Search code examples
csvmicrocontrollercommunicationsemanticsiot

extra light data format for IoT


I'm looking at how to design a data format to send sensor data (temperature,gps,accelerometer and others) from a device with microcontroller to a backend service through GSM.

I created a simple JSON HTTP API, but the payload is really heavy and I want something as light as possible to basically improve my device's battery life: save processing time on the device to create the data, reduce the amount of data submitted and the time needed to send those data, etc.

I would send text messages in binary format with MQTT, but how to format the text message? I could for example use a CSV format or use fixed amounts of bytes for each sensor. I could only send sensor data that changed (like if GPS coordinates are the same, I don't send them again. for the date/time, I only send the seconds if rest hasn't moved since previous sensor data).

I was expecting to find a protocol that answers all those needs. BUT only standards I found are xml/json based.

There is this specific protocol used for drones to exchange commands, that we could rework on but my needs are slightly different: I just want to send groups (10x / 100x) of sensor data (taken every few seconds).

Would you know anything that could answer this, so that we don't reinvent the wheel?


Solution

  • Here are a couple of thoughts:

    Skip the HTTP protocol. HTTP sends extra data in the header and since you know what data your device is sending it is unnecessary. Just connect to a TCP server and send your data.

    Representing your data in ASCII is inefficient. For example, the number 4294967295 requires 10 bytes to represent but in binary it only requires 4 bytes.

    Without compression, your raw data is the minimum limit on the number of bytes required to successfully send your message. Typically a highly efficient protocol is as simple as a few bits or bytes to describe what kind of data is being sent followed by the data in predefined locations.

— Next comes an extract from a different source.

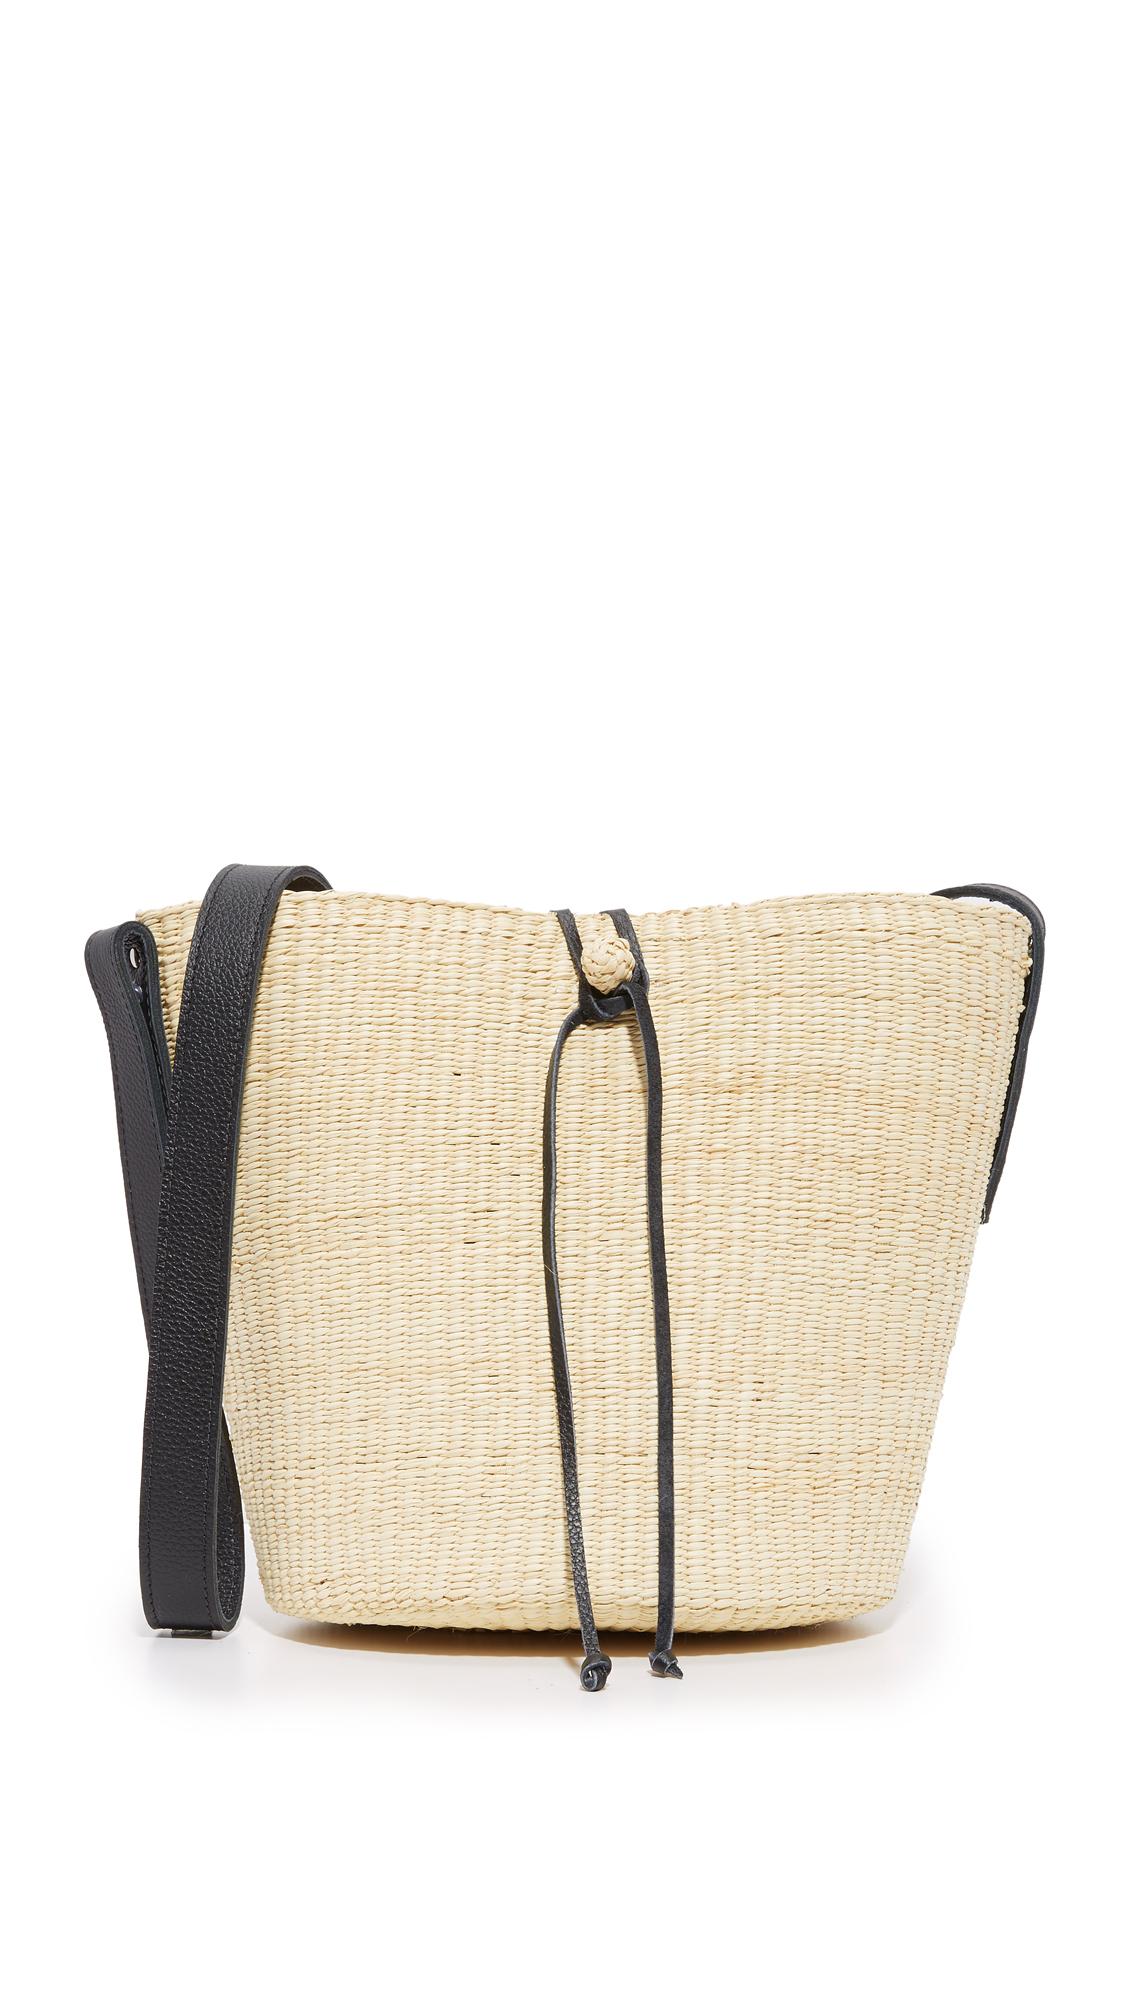 Sensi studio Cross Body Bucket Bag in Black | Lyst

    What I would suggest, if you are certain that improving your efficiency outweighs the trouble, is define one or several packet formats that is known to your sender and receiver and transmit it over a TCP connection. Looking at the transaction layer for protocols such as PCI Express might help. They are more complected than you need but will give you the general idea, which is to keep it generally pretty simple.

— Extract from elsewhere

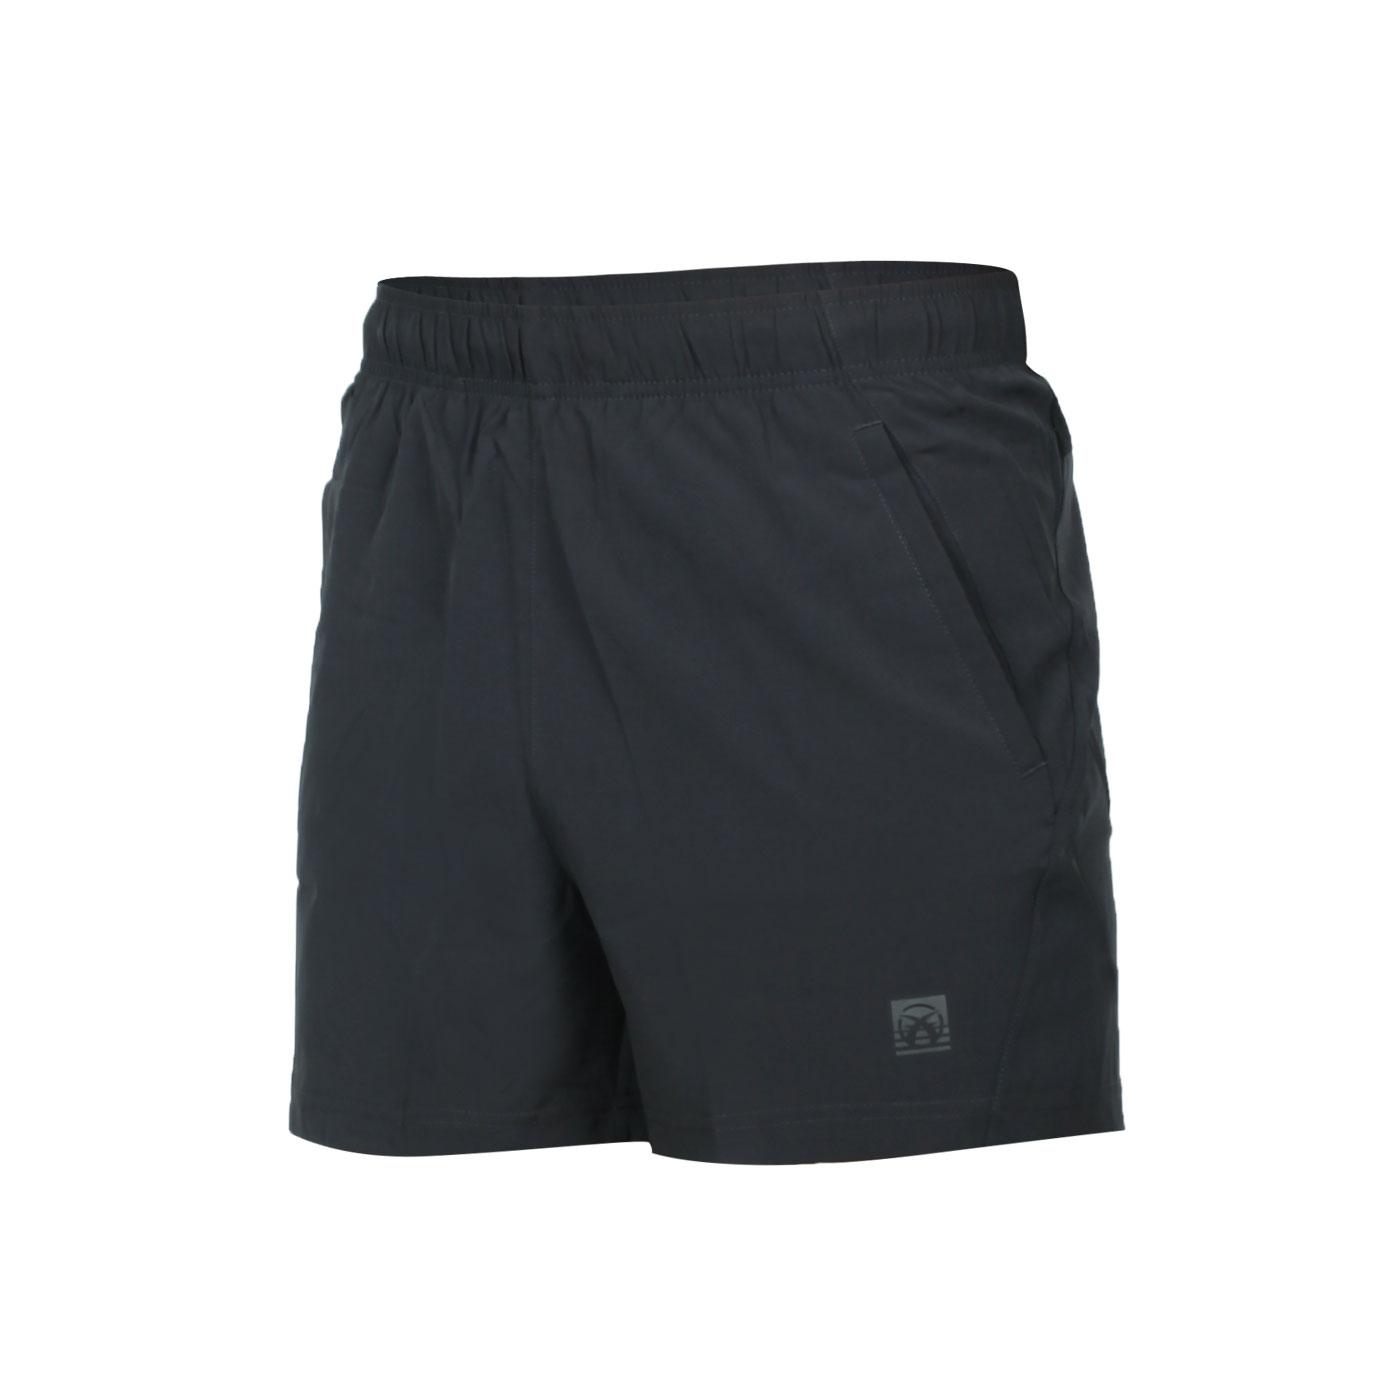 FIRESTAR 男款彈性平織慢跑短褲 C1710-15

    As an example, the following json data consumes 270 bytes plus maybe 50 bytes for the HTTP header:

    {"sensor1":{"coordinates":[12345,12345],"time":"2016-12-9T08:50:11"}"sensor2":{"coordinates":[12345,12345],"time":"2016-12-9T08:50:11"}"sensor3":{"coordinates":[12345,12345],"time":"2016-12-9T08:50:11"}"sensor4":{"coordinates":[12345,12345],"time":"2016-12-9T08:50:11"}}
    

    The same data could be represented with a data stream like so:

    number of sensors (1 byte)
    sensor1 lat (4 bytes)
    sensor1 lng (4 bytes)
    sensor1 time (4 bytes)
    sensor2 lat (4 bytes)
    sensor2 lng (4 bytes)
    sensor2 time (4 bytes)
    

    for a total of 27 bytes, including the full time every transmission.

    If you provide what language you are using you may get more help on the actual implementation.